The researchers employed a non-equilibrium strategy using ion implantation, a technique typically used in semiconductor manufacturing, to create SACs. This method involves bombarding a support material with high-energy ions, which then embed themselves into the support’s surface. The team utilized an industrial-grade ion source to achieve wafer-scale implantation with high beam currents, enabling high-throughput fabrication of SACs. The unique combination of energy and mass effects during this process stabilizes individual metal atoms on the support material, preventing them from clustering together, which would reduce their catalytic efficiency.

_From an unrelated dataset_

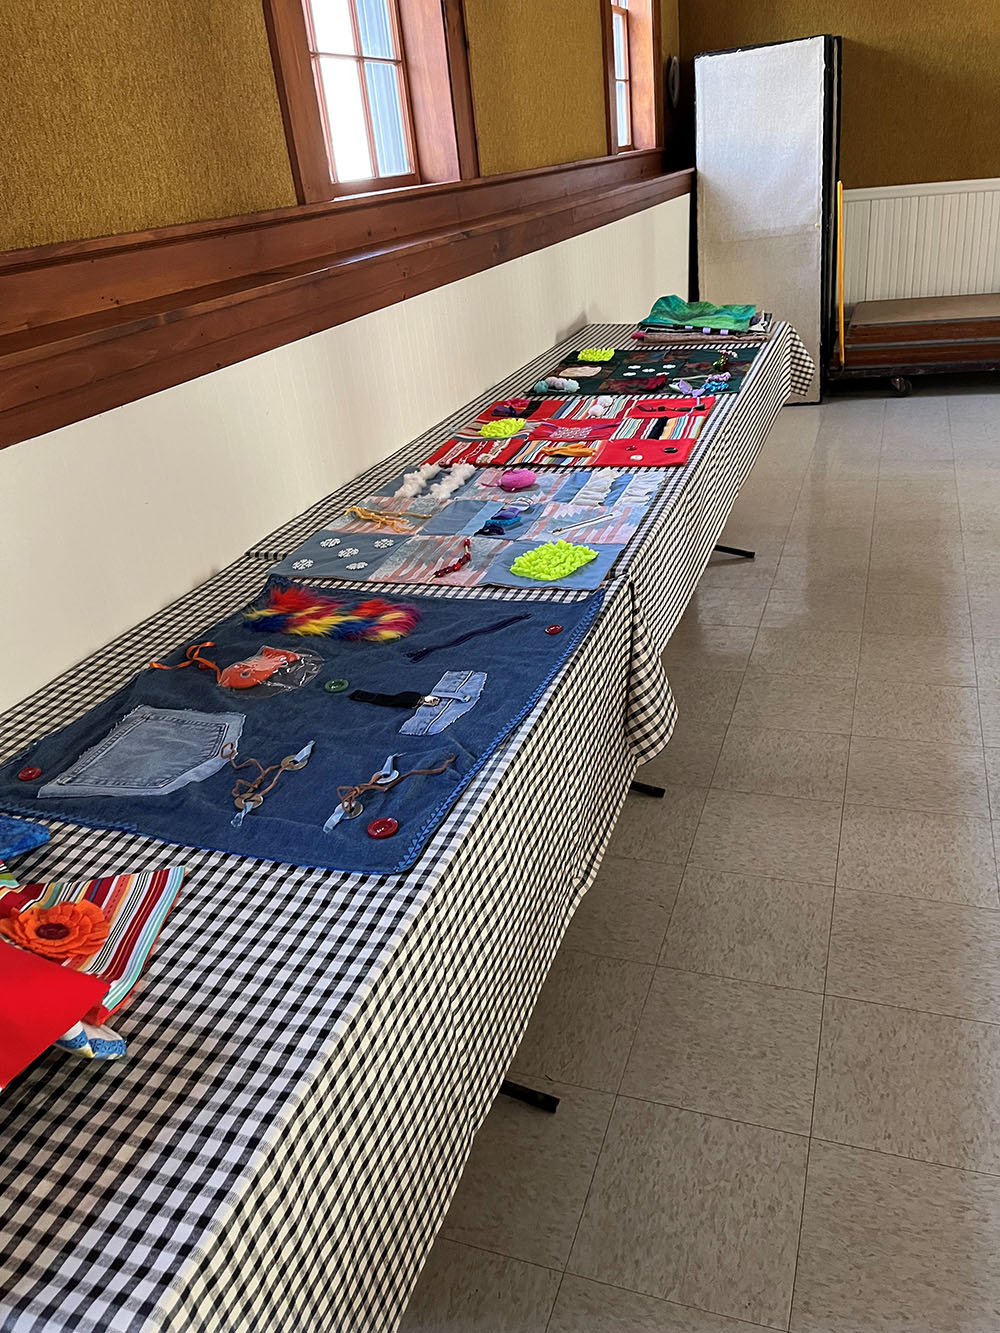 Several dementia blankets displayed across a long table.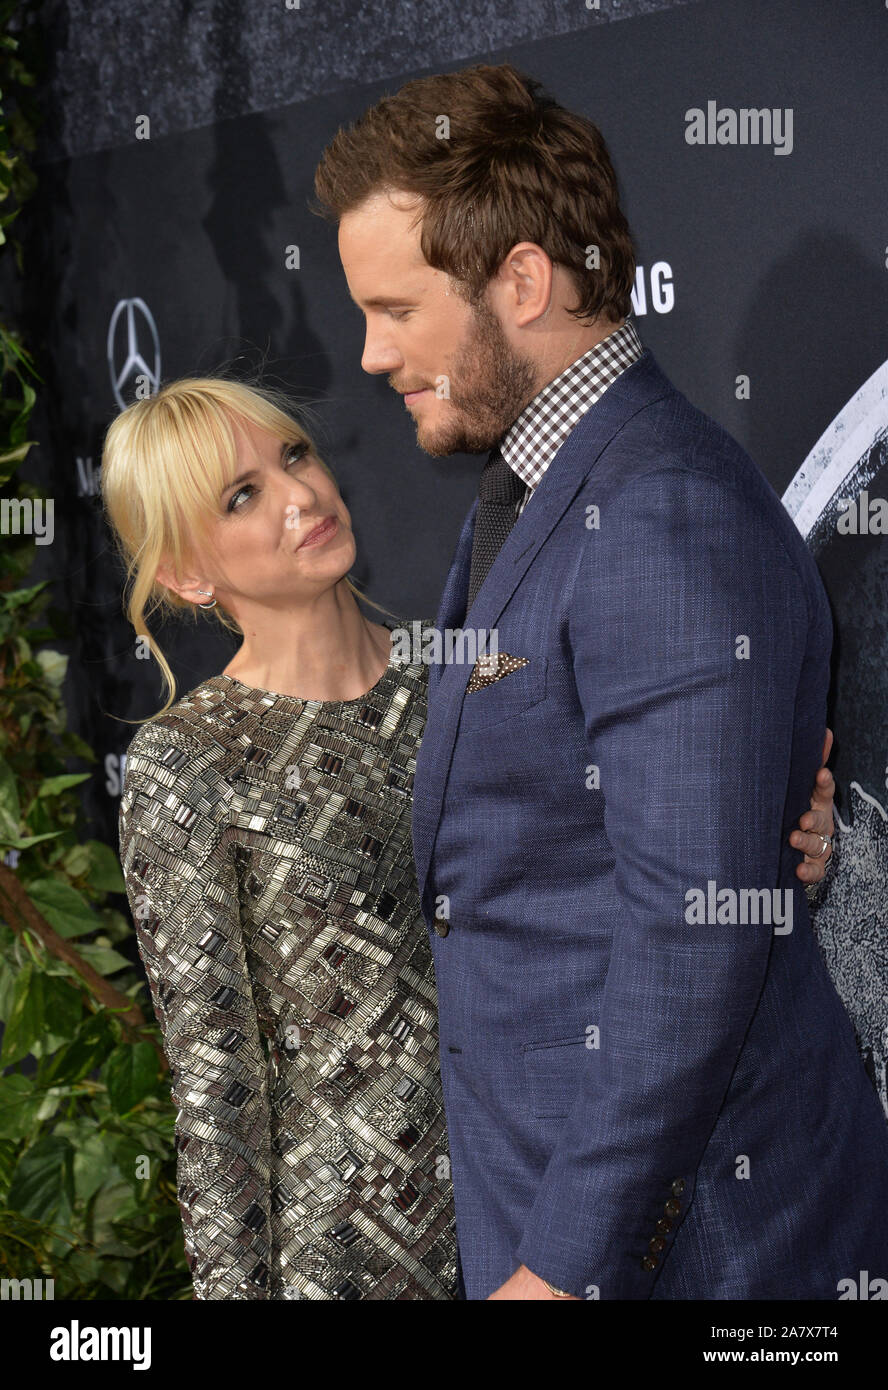 LOS ANGELES, CA - JUNE 10, 2015: Chris Pratt & wife Anna Faris at the world premiere of his movie "Jurassic World" at the Dolby Theatre, Hollywood. © 2015 Paul Smith / Featureflash Stock Photo

The researchers demonstrated the versatility of their approach by creating a library of 36 different SACs. One of these, a platinum on molybdenum disulfide (Pt/MoS2) catalyst, exhibited exceptional performance in hydrogen evolution reactions, a key process in water splitting for hydrogen production. The Pt/MoS2 catalyst achieved an overpotential of only 26 mV at a current density of 10 mA cm-2, indicating its high efficiency. Moreover, it displayed outstanding long-term stability, outperforming commercial platinum on carbon (Pt/C) catalysts.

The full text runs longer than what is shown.